Помнил о них и Сенявин, томился ожиданием, а вестей все не было.
За месяц до ухода эскадры Сенявина с Корфу капитан-командор Баратынский во главе отряда кораблей отправился в Венецию. Он на месяц раньше Сенявина получил царскую инструкцию — забрать все войска из Которо и Корфу, перевезти в Венецию. Оттуда маршем они должны были через всю Европу идти в Россию. На полпути их встретил английский фрегат. Его командир запугал Баратынского:
— Я имею повеление короля не пропускать ни одного судна в Венецию. Вы, конечно, сильнее меня и пройдете, но это будет оскорбительно для лондонского правительства и вызовет нежелательные отношения вашего императора с моим правительством.

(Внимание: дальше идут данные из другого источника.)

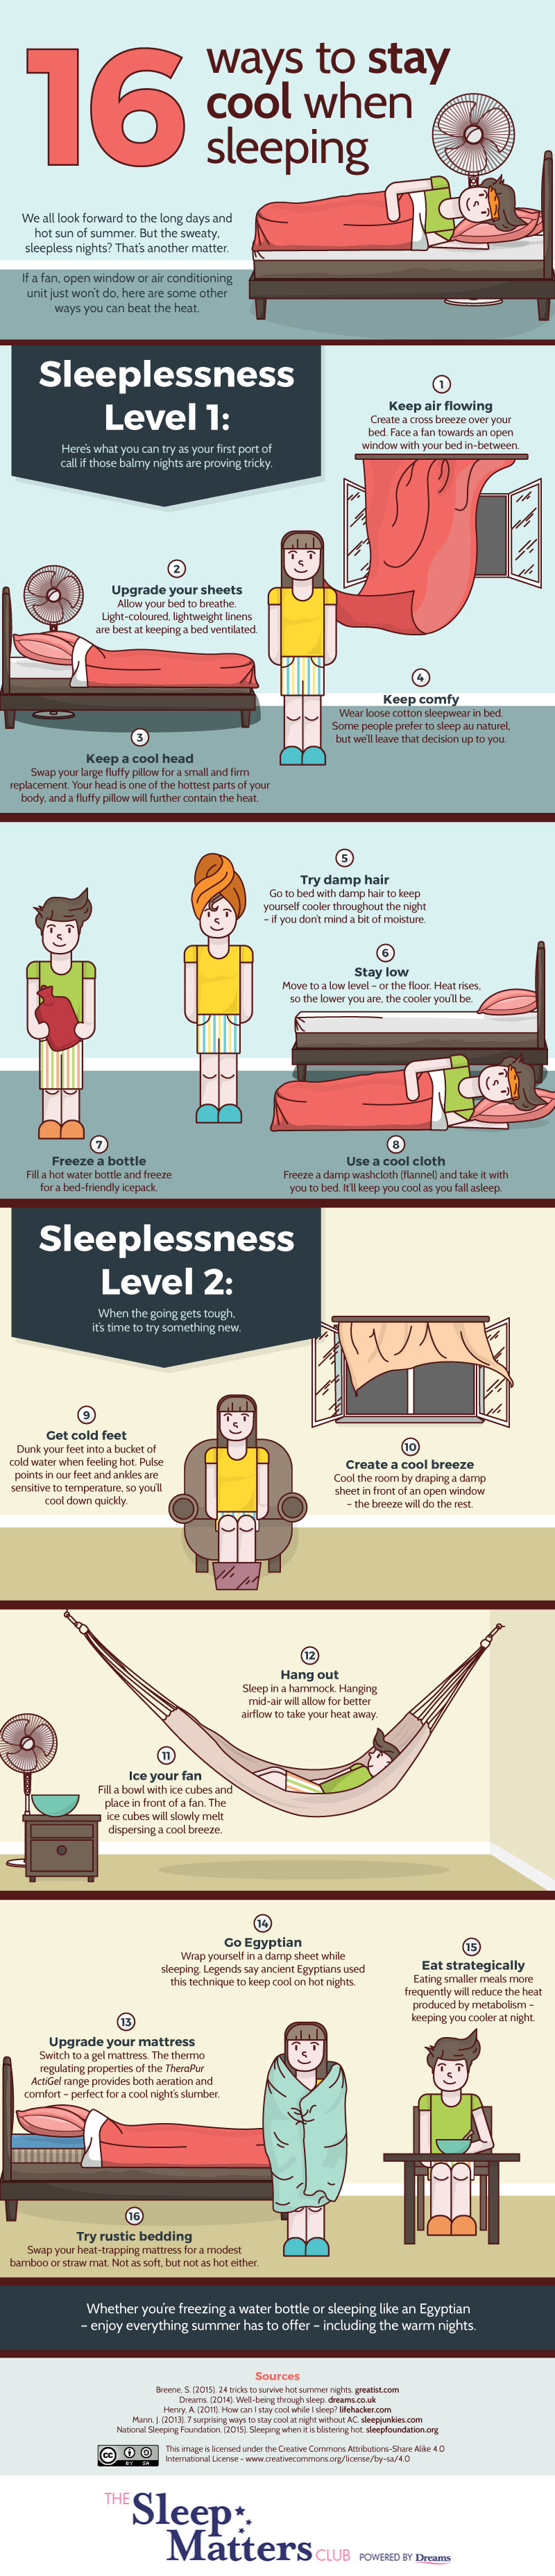 16 Ways To Stay Cool When Sleeping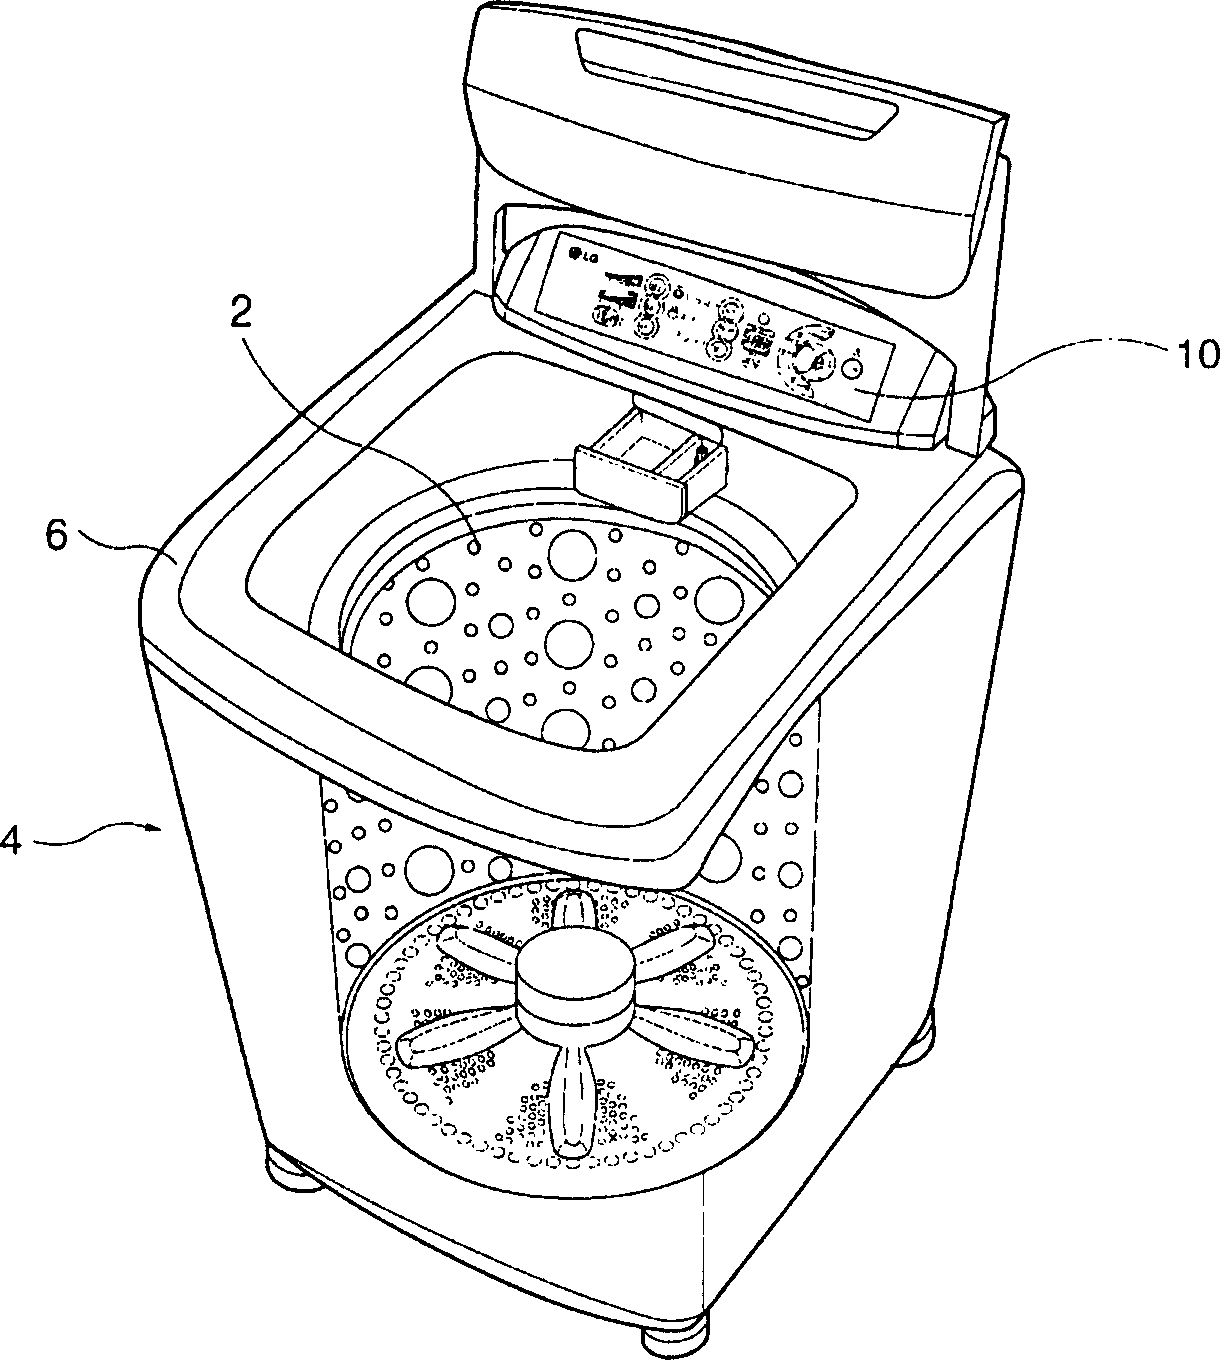 Assembling structure of washing machine display part

«В самом деле, — прикинул Баратынский, — стычка может еще, не дай Бог, вызвать и войну. Запрошу-ка я нашего посла в Вене».
— Так и быть, — сказал он командиру фрегата, — мы пойдем в Триест, а там разберемся.
Пока запрашивали посла в Вене, князя Куракина, время ушло, и началась война с Англией. После выгрузки солдат и экипажей моряков все корабли пришлось оставить в Венеции.
Зимой, плохо одетые, они ускоренным шагом прошли поперек всю Европу, а командир отряда, капитан первого ранга Гетцен из Восточной Пруссии, донес Чичагову, что 24 мая отряд будет на границе, просил прислать подводы — матросы изголодались и устали.
Чем ближе к границе, тем быстрее шли люди. Как-никак родная сторона вот-вот появится. Отряд пришел в пограничное местечко Россиены на три дня раньше.
К Гетцену вышел капитан-исправник.
— А мы вас ждали через недельку, — зевая, доложил он Гетцену и развел руками, — так что потерпеть надобно.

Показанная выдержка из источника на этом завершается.